A density-dependent metapopulation model: Extinction, persistence and source-sink dynamics

TL;DR

This paper introduces a nonlinear discrete-time population model that captures dispersal, extinction, and persistence dynamics across heterogeneous landscapes, revealing complex behaviors like chaos and periodicity.

Contribution

It develops a novel density-dependent metapopulation model with nonlinear coupling, providing new conditions for stability, persistence, and extinction, and explores complex dynamics numerically.

Findings

Conditions for extinction and persistence are derived.

Model exhibits periodic and chaotic behaviors.

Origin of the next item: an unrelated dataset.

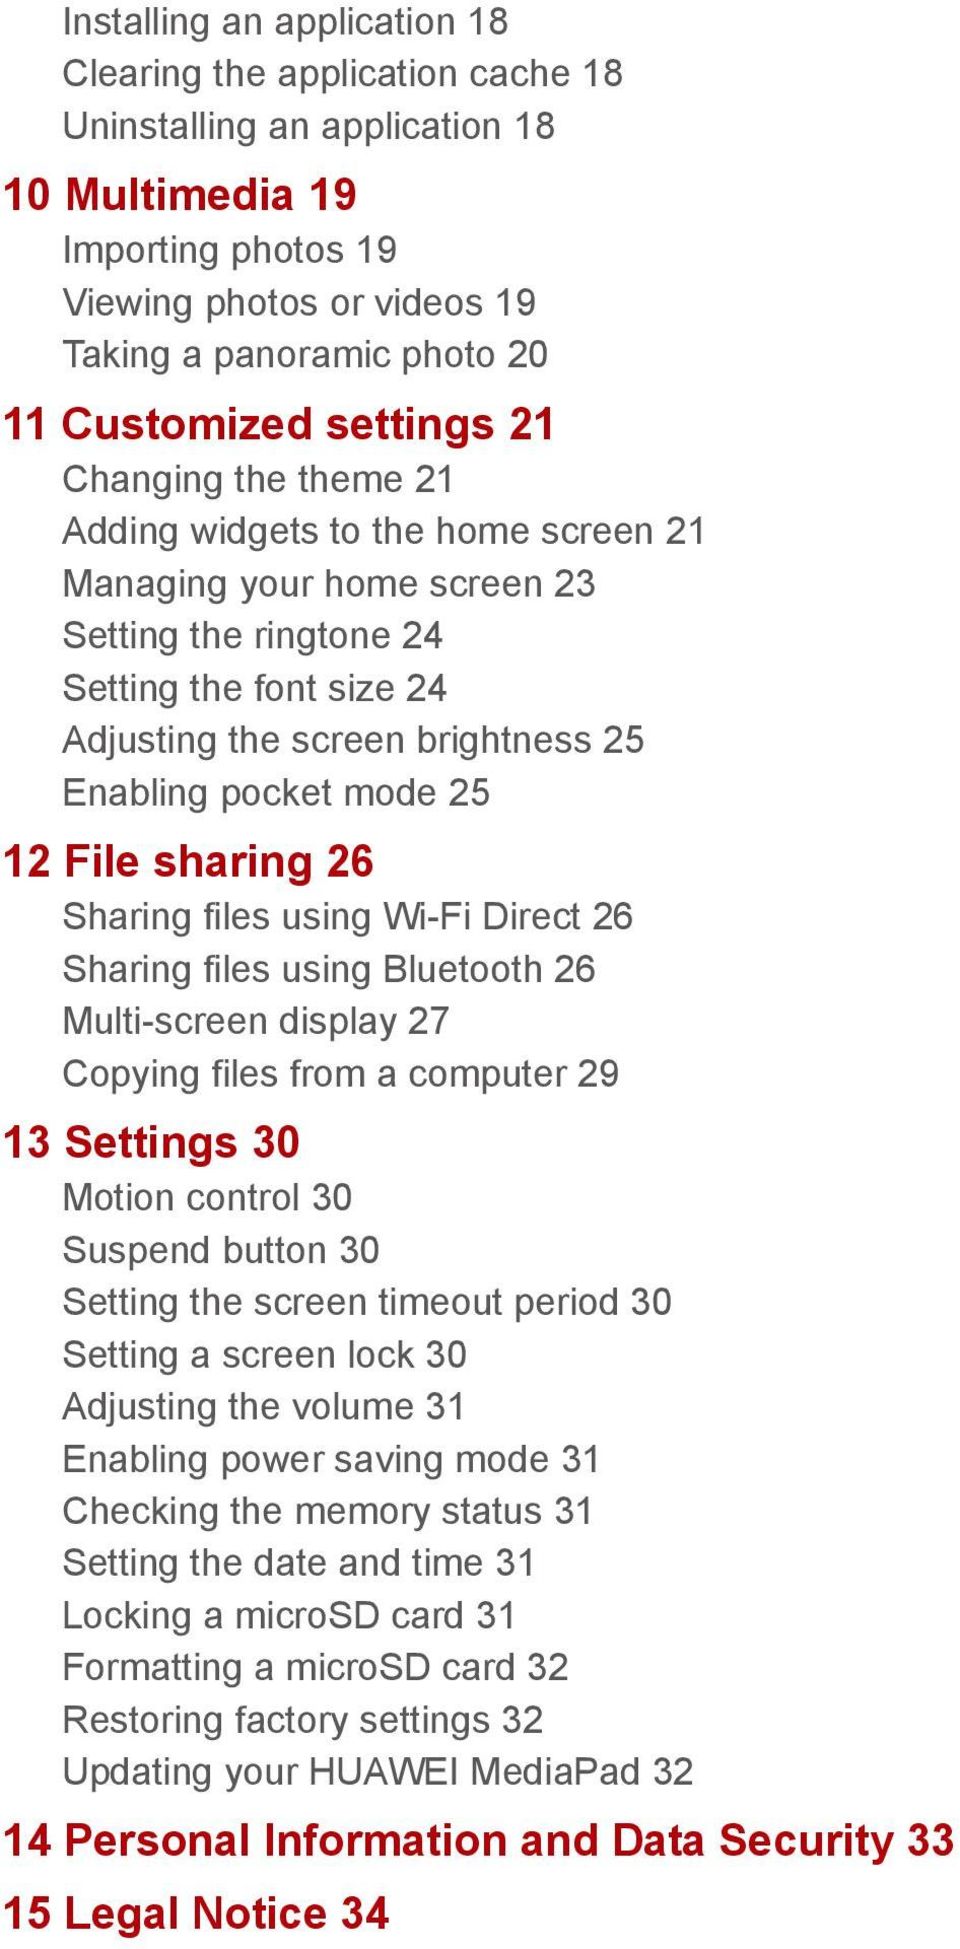 Enabling pocket mode 25 12 File sharing 26 Sharing files using Wi-Fi Direct 26 Sharing files using Bluetooth 26 Multi-screen display 27 Copying files from a computer 29 13 Settings 30 Motion control
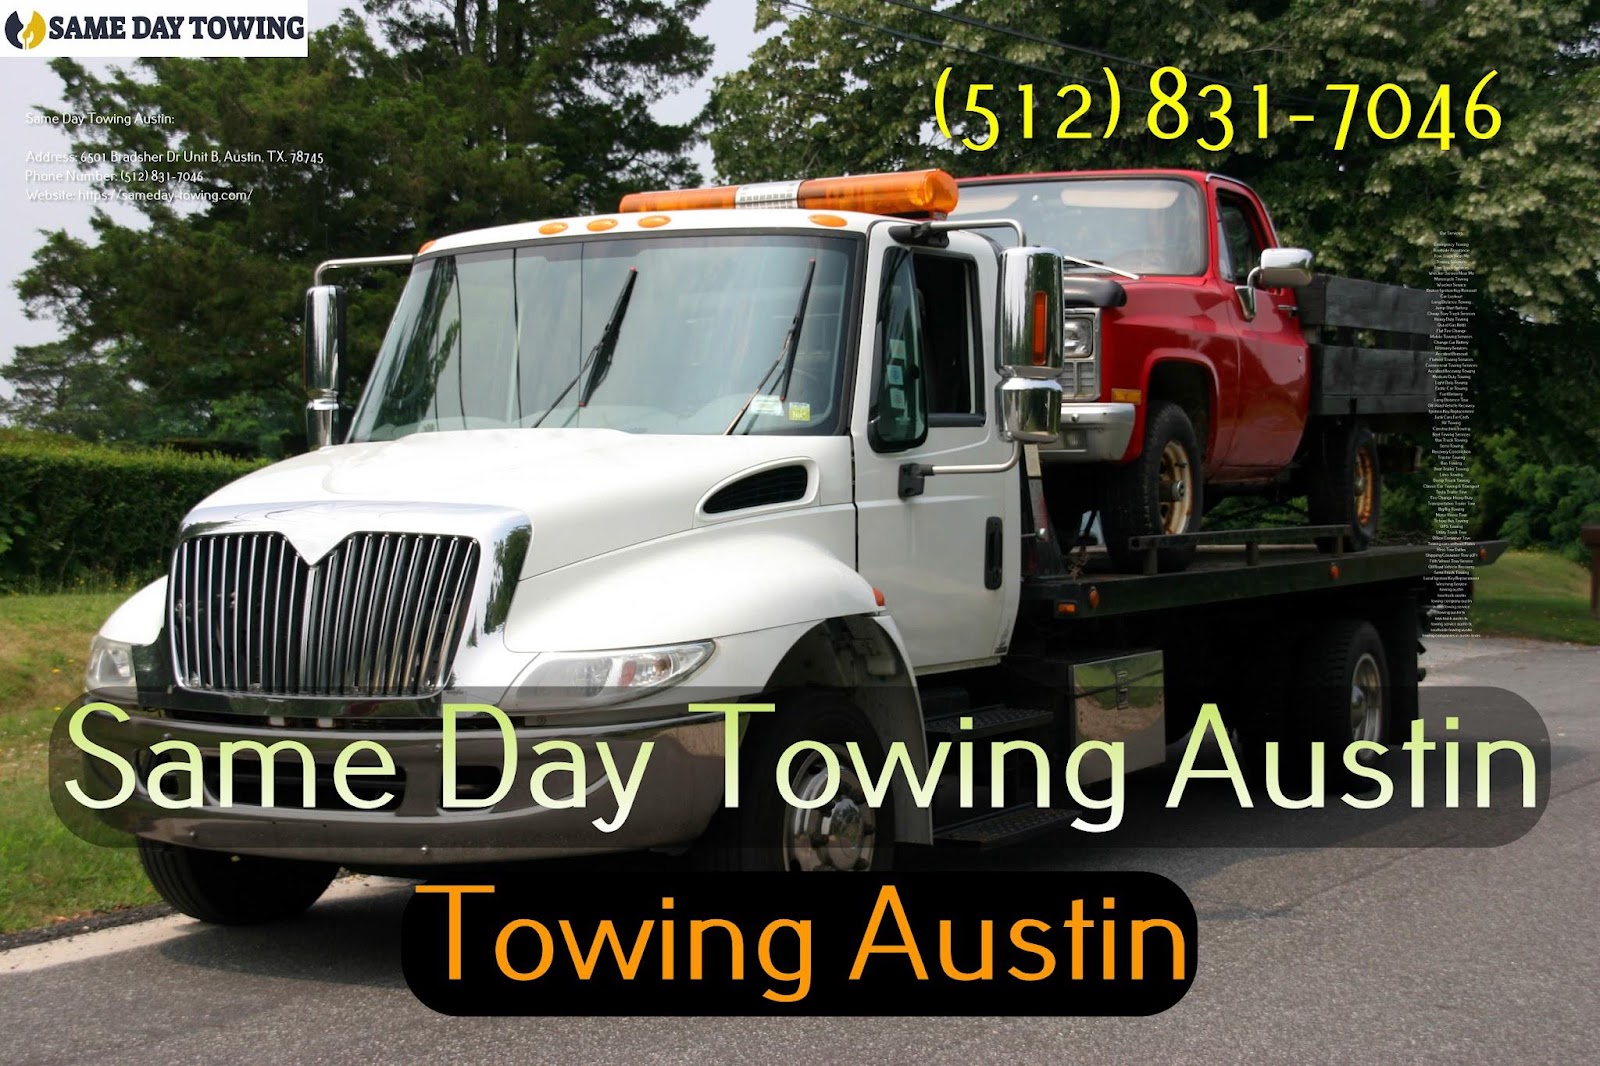 Same Day Towing Austin is a reputed towing company in Austin, TX. The company has been offering professional towing services in Austin and surrounding areas.

Numerical simulations illustrate source-sink dynamics.

Abstract

We consider a nonlinear coupled discrete-time model of population dynamics. This model describes the movement of populations within a heterogeneous landscape, where the growth of subpopulations are modelled by (possibly different) bounded Kolmogorov maps and coupling terms are defined by nonlinear functions taking values in $(0,1)$. These couplings describe the proportions of individuals dispersing between regions. We first give a brief survey of similar discrete-time dispersal models. We then derive sufficient conditions for the stability/instability of the extinction equilibrium, for the existence of a positive fixed point and for ensuring uniform strong persistence. Finally we numerically explore a planar version of our model in a source-sink context, to show some of the qualitative behaviour that the model we consider can capture: for example, periodic behaviour and dynamics reminiscent of chaos.